MicroRNA-125b promotes tumor metastasis through targeting tumor protein 53-induced nuclear protein 1 in patients with non-small-cell lung cancer

Qinchuan Li, Yang Han, Chunhong Wang, Shan Shan, Yuanyuan Wang, Jingang Zhang, Tao Ren

Lung cancer, predominantly non-small-cell lung cancer (NSCLC), is the leading cause of cancer deaths worldwide. There is a great need to identify critical effectors involved in metastasis of NSCLC that will facilitate the development of new therapeutic strategies. Here we evaluated the potential role of miR-125b in the metastasis of NSCLC cells. Human NSCLC cells were isolated from surgical tissues with Cancer Cell Isolation Kit. Expressions of miR-125b and TP53INP1 were detected with real-time PCR and western blot.

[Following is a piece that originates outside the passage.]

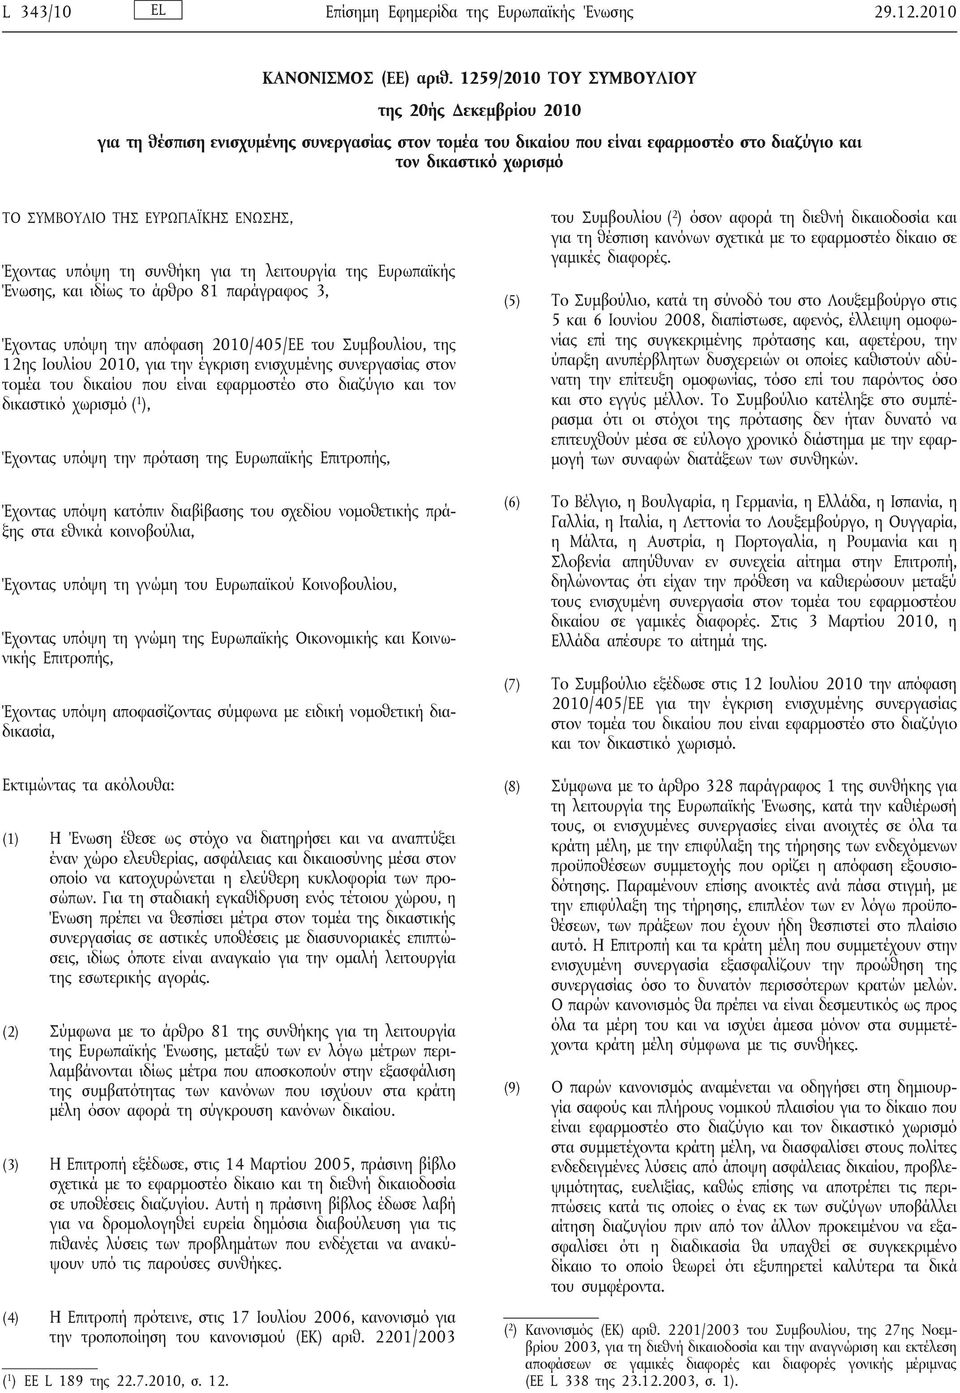 ΕΝΩΣΗΣ, Έχοντας υπόψη τη συνθήκη για τη λειτουργία της Ευρωπαϊκής Ένωσης, και ιδίως το άρθρο 81 παράγραφος 3, Έχοντας υπόψη την απόφαση 2010/405/ΕΕ του Συμβουλίου, της 12ης Ιουλίου 2010, για την
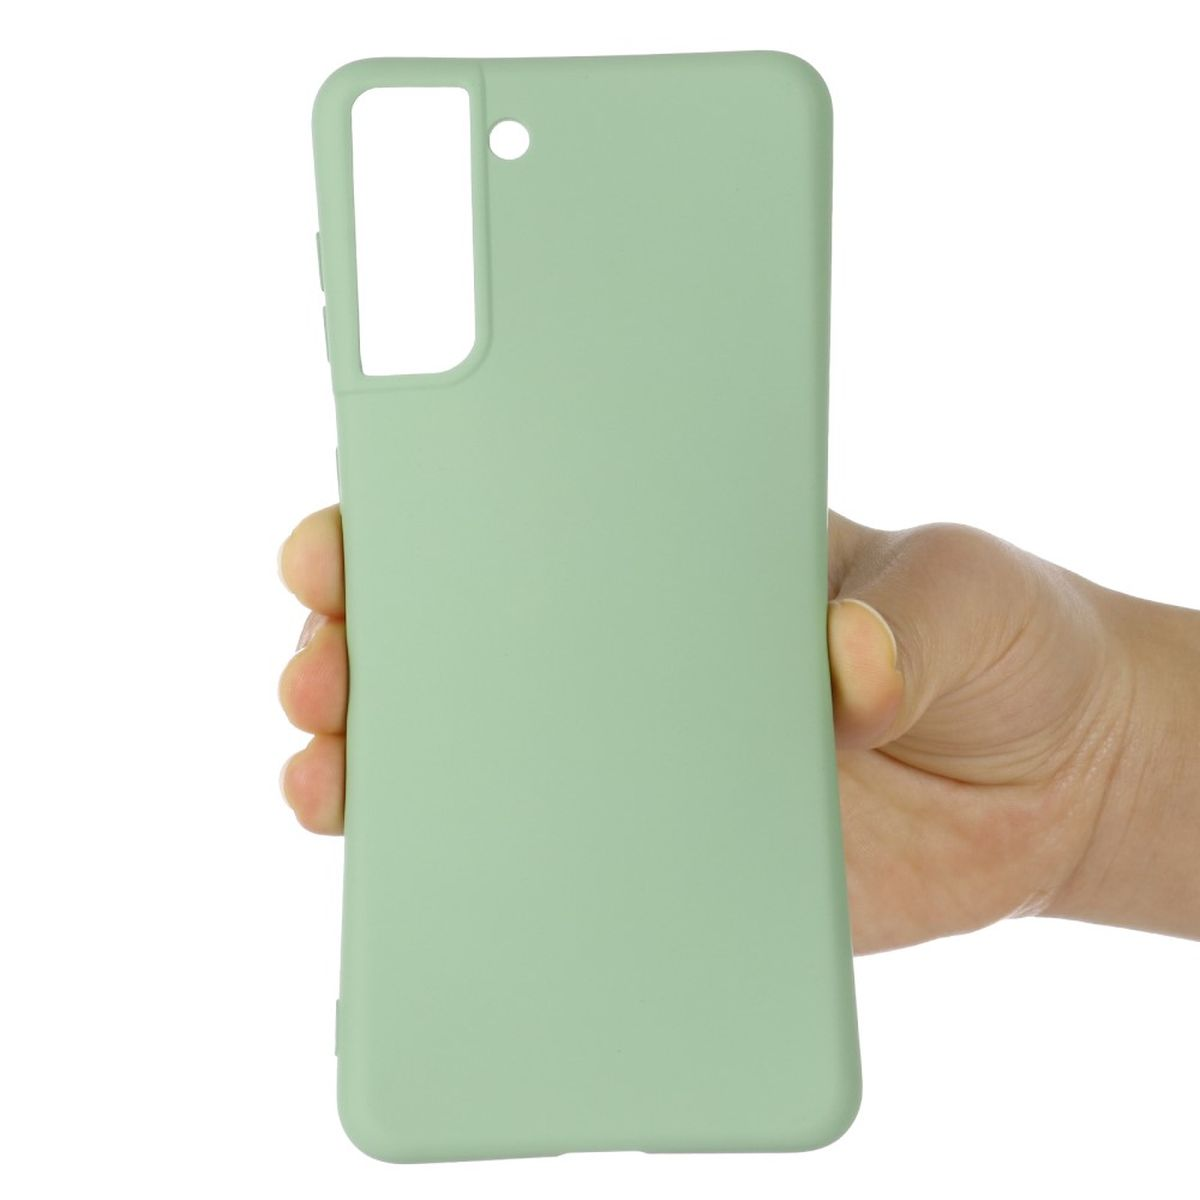 Handycase Galaxy 5G, Grün S22 COVERKINGZ Samsung, Silikon, aus Backcover,

Human miR-125b mimics, miR-125b inhibitor, TP53INP1 expression plasmid and TP53INP1 siRNA were transfected into NSCLC cells with nucleofector transfection kit. NSCLC metastasis was determined with adhesion assay, invasive assay and lung tumor metastasis model. The expression of miR-125b was significantly higher in poorly differentiated NSCLC cells that are endowed with high metastatic potentials. Up-regulation of miR-125b could enhance the metastatic potential of NSCLC cells in vitro and in vivo, while down-regulation of miR-125b resulted in decreased metastatic potentials in vitro and in vivo. Further, tumor protein 53-induced nuclear protein 1 (TP53INP1) was an important target of miR-125b involved in metastasis of NSCLC cells. TP53INP1 served as a negative regulator of NSCLC metastasis. Decreased expression of TP53INP1 in tumor tissues was inversely associated with their expression of miR-125b, significantly lower in poorly differentiated tumors and inversely correlated with the clinical stages in patients with NSCLC. These findings demonstrated that miR-125b promoted tumor metastasis via targeting TP53INP1 in human NSCLC cells, which uncovered a real clinical relevance of microRNAs in tumor biology, and provided novel potential candidates for NSCLC clinical practice.